In the story, Lost and Found, a penguin walks into a little boy’s house. The little boy is not thrilled about this. And the penguin doesn’t seem to be leaving on his own, so he decides the penguin is lost and needs to get home. He takes the penguin to the lost and found, but no one says they are missing a penguin. Then he takes the penguin to the pet store, but then feels bad and doesn’t leave him. He goes to the library to find out about where penguins come from and discovers they come from the South Pole, so he tries to put the penguin on a boat, but the boy's voice is small and the ship leaves without the penguin. So, the boy builds a boat to take the penguin there himself. As he is getting ready to go the narrator said, “And so the boy worked out an ambitious plan to get the visitor back to where he belonged. But he never stopped for a moment to considered just what his visitor was doing there in the first place.” They each “pack” a little bag, and they travel down to the South Pole, having adventures on the way, and in the end he finds a place with many, many penguins just like the one that has been with the boy. He leaves him there and gets back in the boat to travel home. But in the boat he finds that the penguin had left his suitcase. When he opens it, he finds the only thing in this “box of treasures” was a picture the penguin had taken of himself and the boy: that this was what he valued.

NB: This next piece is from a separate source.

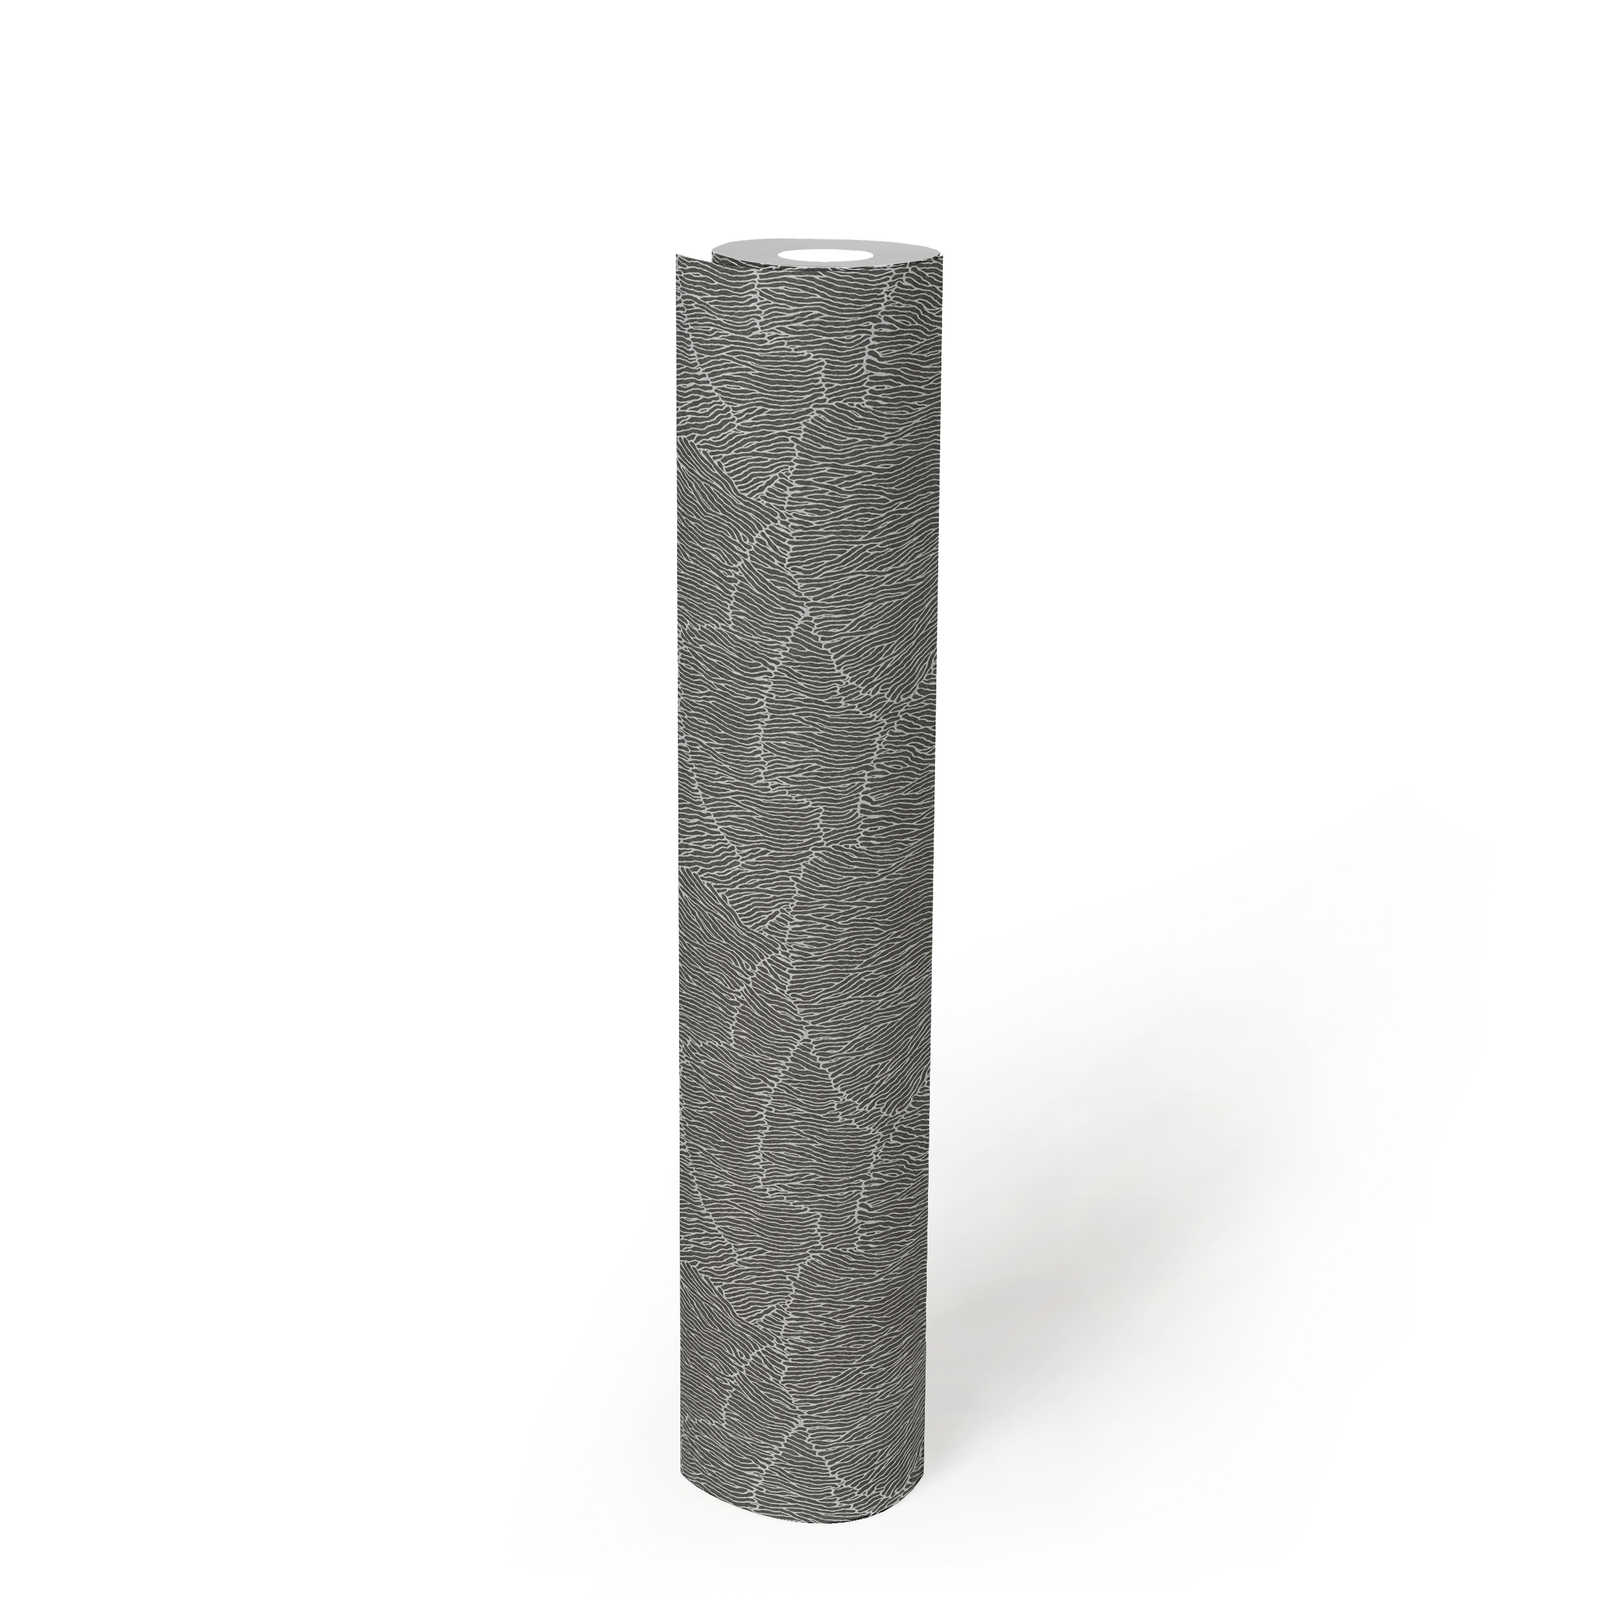             Abstrakte Tapete Mit Linienmuster – Silber, Schwarz, Metallic

The boy thought the penguin valued “home”, but what he found was that the penguin valued him, the boy. And so he found, “that perhaps someone wasn’t lost… just lonely. And maybe they weren’t the only one.” After another little adventure, the boy and the penguin finally reconnect and go “home” together. But the film ends with these words, “So, all began with someone lost and someone found. Who is to say which was which? There was a boy and there was a penguin, strangers from opposite sides of the ocean. And like the beginning of any friendship, theirs is a remarkable story indeed.”
Perhaps, then, like the boy in the story, we will find, when we choose to spend time with those we consider “lost” , those from the opposite side of the ocean, that we too will ask, “who is to say who was lost and who was found”. If it turns out that it was we, then, who were lost, and if we let ourselves be found, we can be guaranteed that God will celebrate with all the angels and heaven. Amen.